Email to Commissioner Woody Brown
I was quite interested in the campaign flyer mention of pedestrian safety efforts. I have been active in various pedestrian/transportation issues and committees since 1997, including serving for a little more than 10 years on the MPO Pedestrian Transportation Advisory Committee. Most efforts to improve pedestrian safety have involved penalizing mid block crossing with a citation and a fine, probably because it is easier to issue a citation to a slower moving pedestrian than to the driver of an automobile.

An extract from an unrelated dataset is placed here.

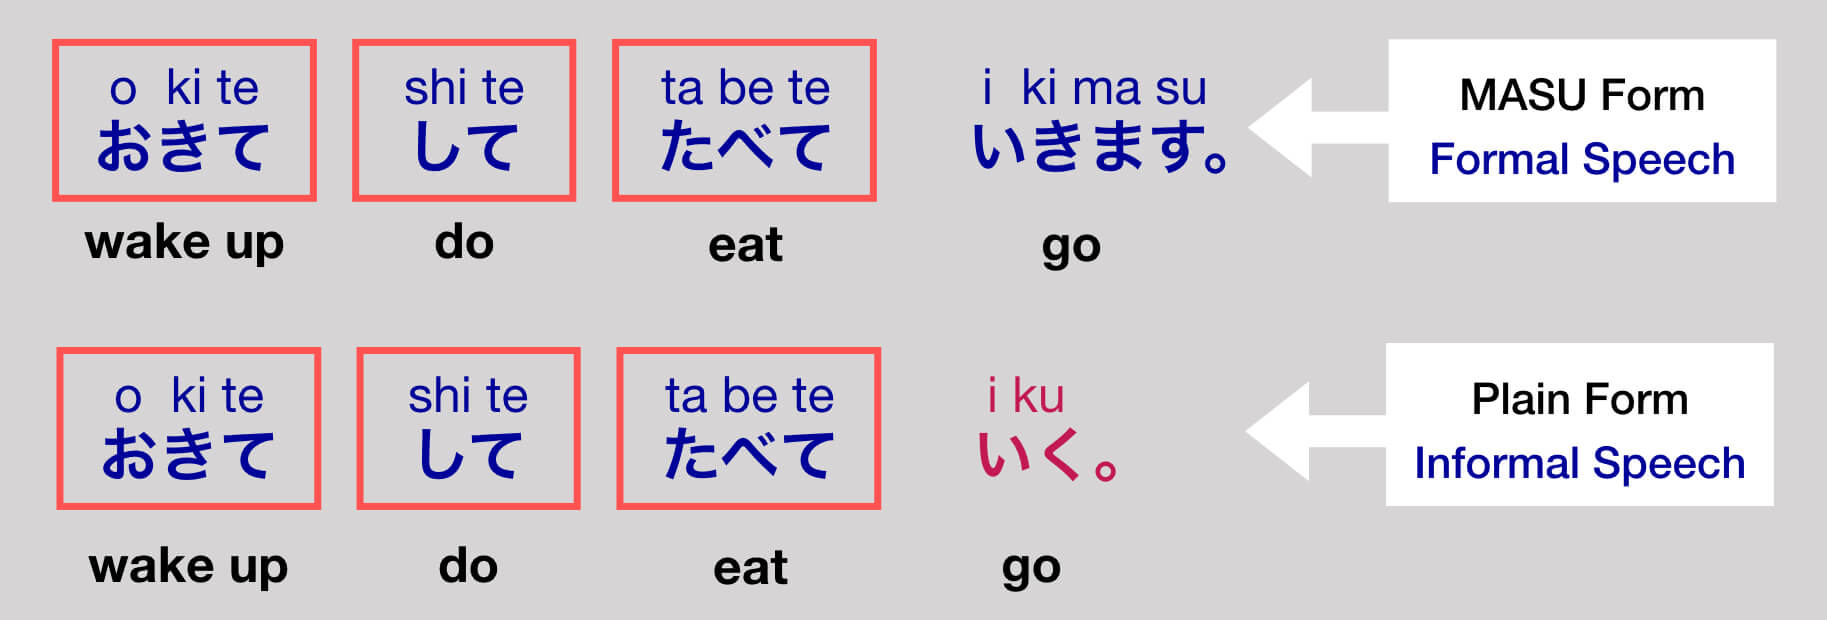 te-form-in-japanese-verb-conjugation-linkup-nippon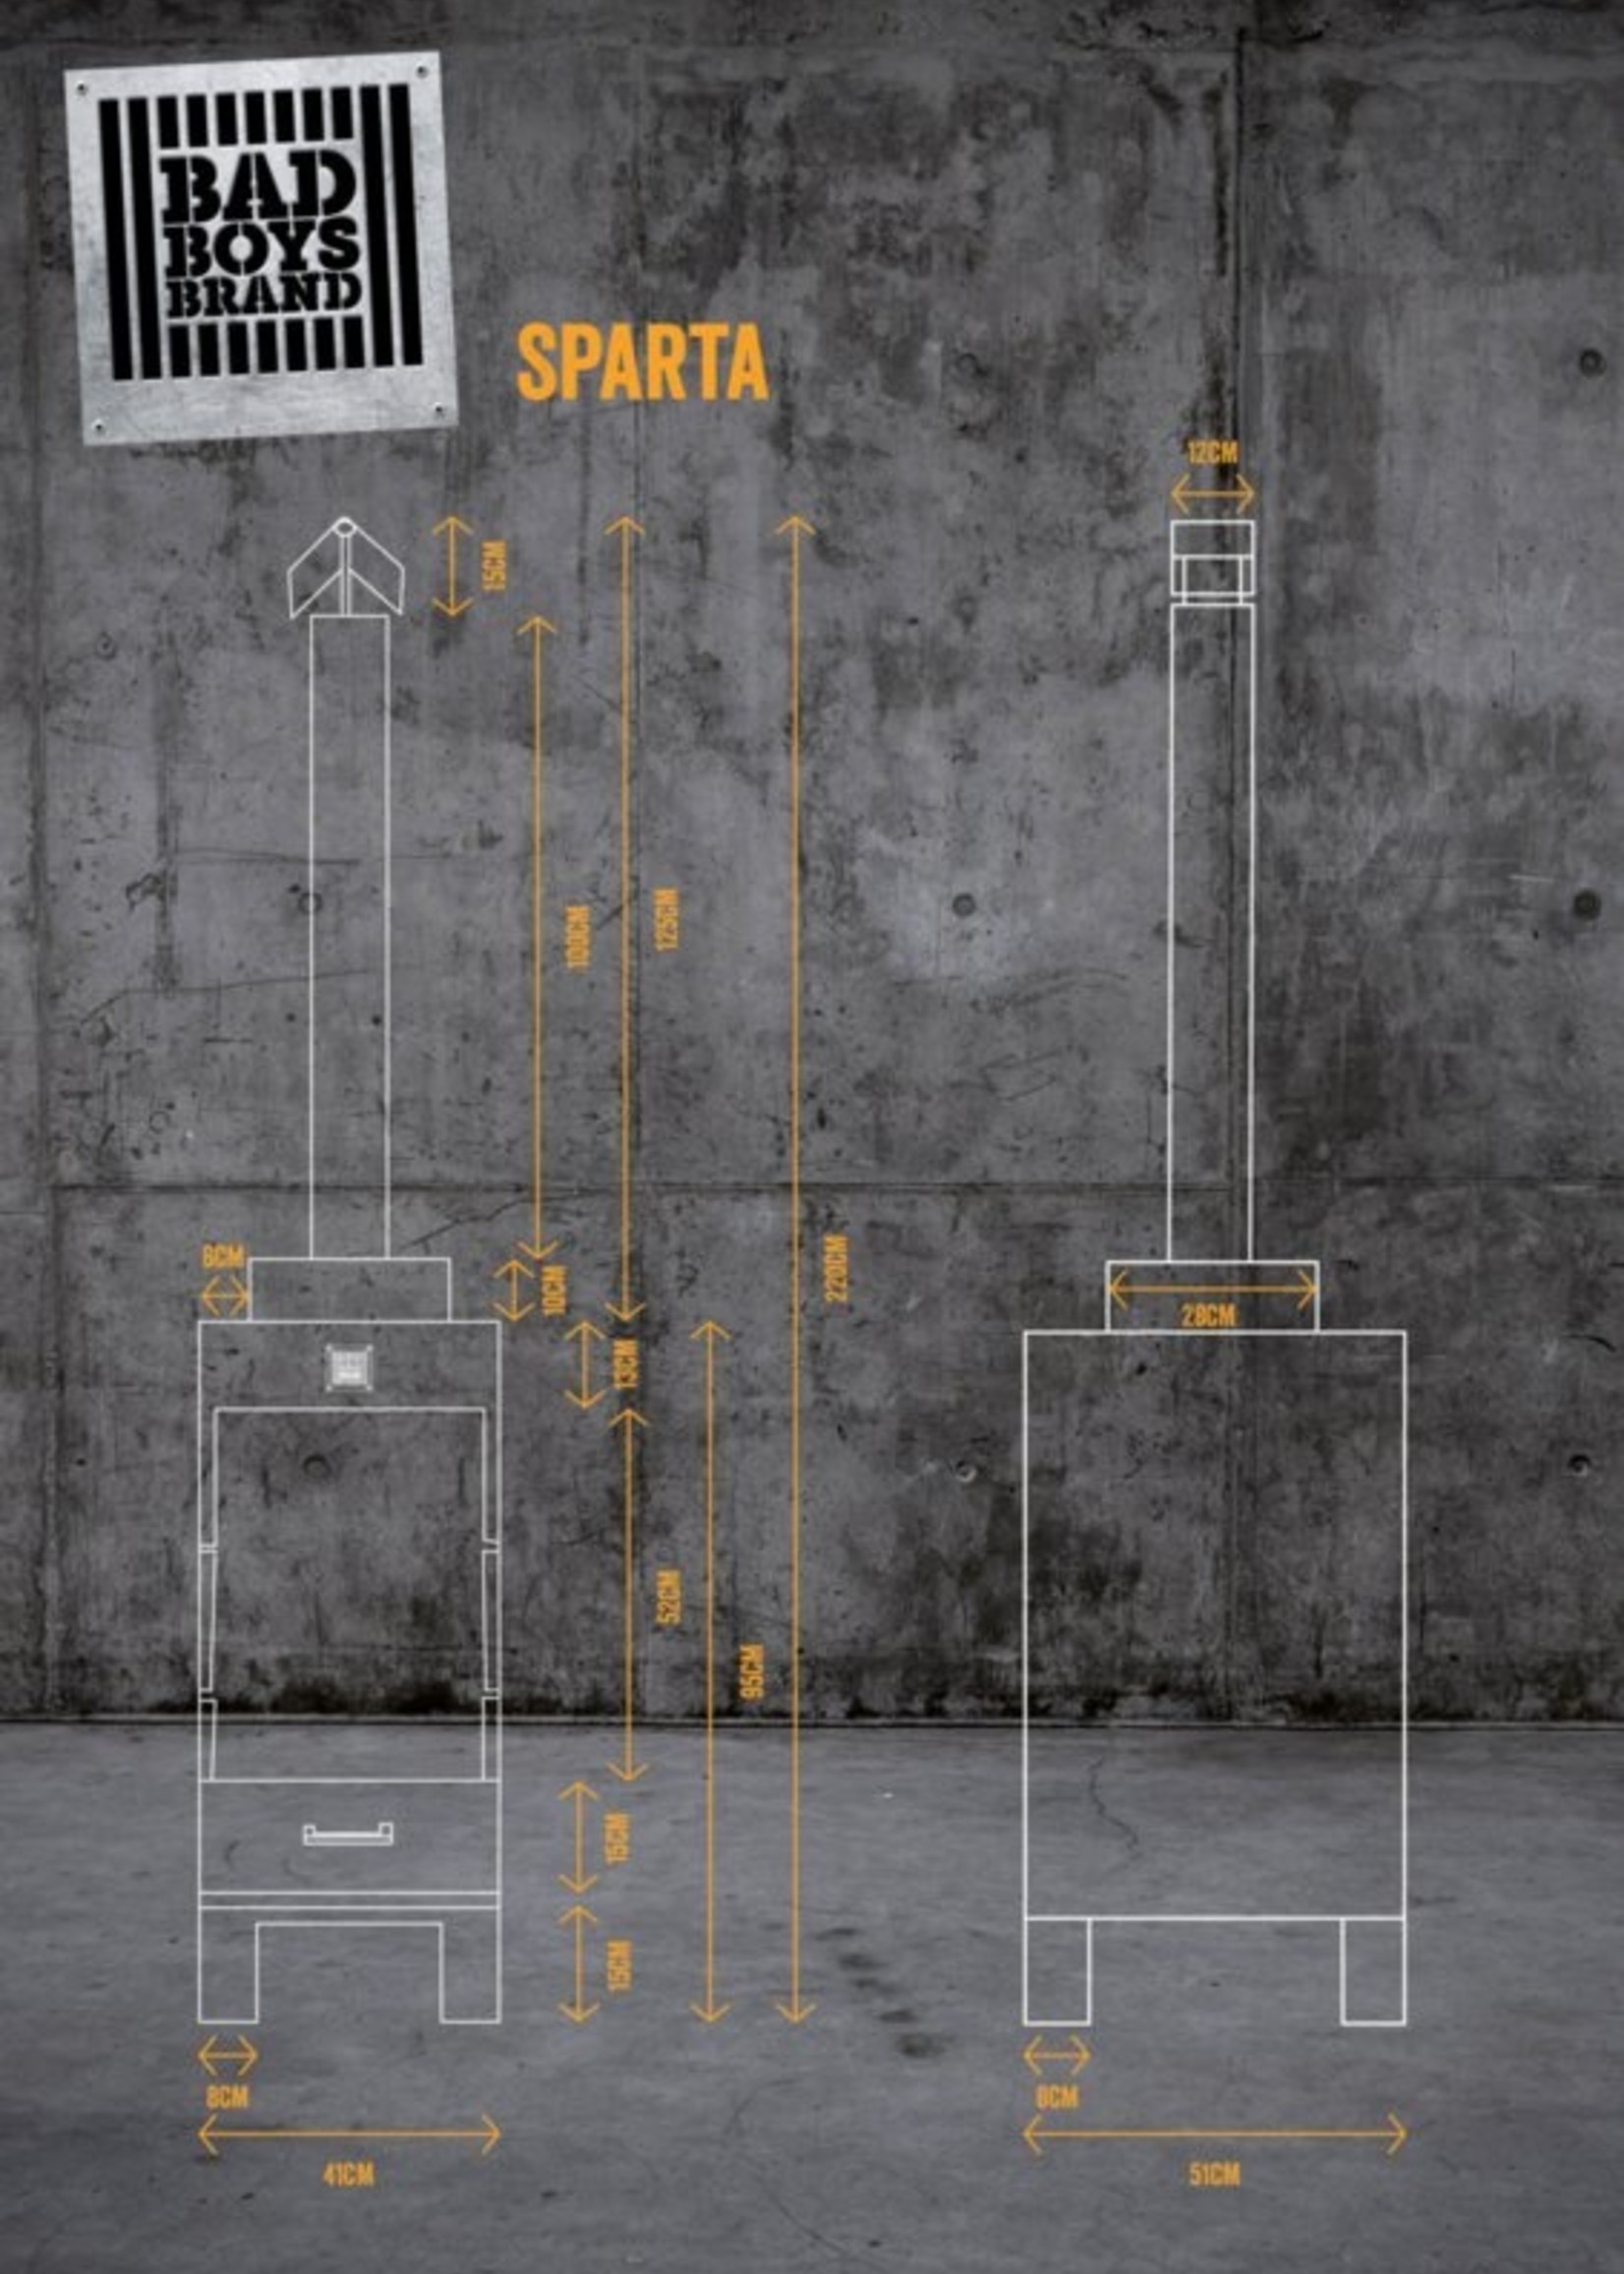 Bad Boys Brand Sparta - Gartenkamin 220 cm - BadBoys Fire - Stahl - 100% Made in Jail

Recently I attempted to cross East Bay Drive at the intersection with Keene/Starkey Roads (Crossing northbound from Walgreens to CVS drug store.) The button was pushed and the long wait took place to obtain the "walk" signal (East Bay traffic is favored.) When the "walk" signal appeared, eleven (11) cars turned right on red without stopping-completely ignoring my signaling a desire to cross. One charming driver even acknowledged my presence with a hand signal of some kind. The "walk" sign was over by the time there were no more turning cars. I pushed the button again and waited in the hot sun for another opportunity to cross legally at this corner. On the second cycle only four (4) cars turned on red without stopping. The fifth one actually stopped and I was able to take advantage of the remaining seconds on the countdown signal to hurry across the street. It would have been easier, safer, and faster to cross mid-block using the median as a safety island and crossing eastbound and westbound lanes separately. But that would be illegal and might have resulted in my receiving one of Largo's $62.50 pedestrian citations!
It seems totally unfair that drivers are not issued citations when they do not honor the stop requirement before right turning on red. But the method for improved pedestrian safety through police efforts seems to only involve penalizing the pedestrians.
Thank you for your letter concerning pedestrian safety. I couldn't agree with you more. Until recently the "enforcement" efforts did seem to be primarily focused on mid block crossing and warning or citing pedestrians while ignoring drivers that stop across the cross walk, roll through red lights making right turns oblivious to pedestrians and bikes. Recently, traffic officers in Largo have been focusing more on drivers that make it unsafe for pedestrians. There is definitely room for improvement. The city is also working towards a signalized mid block crossing on Missouri near Wal-Mart (which is particularly dangerous.) The unfortunate reality is that Pinellas County (not just Largo) is built for cars and it is going to take a long time to remedy this problem. I will share your concerns with the city administration and officer Edmiston and get back to you.
I have been facilitating the Pedestrian Enforcement Grant since we received it in July. We began focusing the enforcement efforts on pedestrians crossing illegally at intersections and mid block. We utilized that time to educate pedestrians to utilize signalized intersections to cross the roadways safely. Enforcement during the past month was focused in two parts, vehicles that fail to yield to pedestrians in crosswalks and the pedestrians that continue to jaywalk or cross against the signalized intersections. We have also focused attention on vehicles that fail to yield to pedestrians at mid block, signalized intersections along Clearwater Largo Road. I understand the citizen's concern regarding the motorist failing to yield to pedestrians at the intersection of Keene and East Bay Drive. Unfortunately, this seems to occur far too often at our major intersections. This has been a problem for several years and that was part of the reason the grant was given to the Tampa Bay area. We will continue to monitor this intersection, as well as many others, and cite those vehicles found in violation. I am deploying our resources during the peak times of violations, however I must remain fiscally responsible with the grant money received and continue our enforcement efforts through the remainder of the year. I assure you this concern does not come lightly and we are doing our best to change motorist and pedestrian behavior. This problem will take time to change behaviors and I hope that the state receives a second round of funding next year so we can continue to make a difference in pedestrian related crash statistics.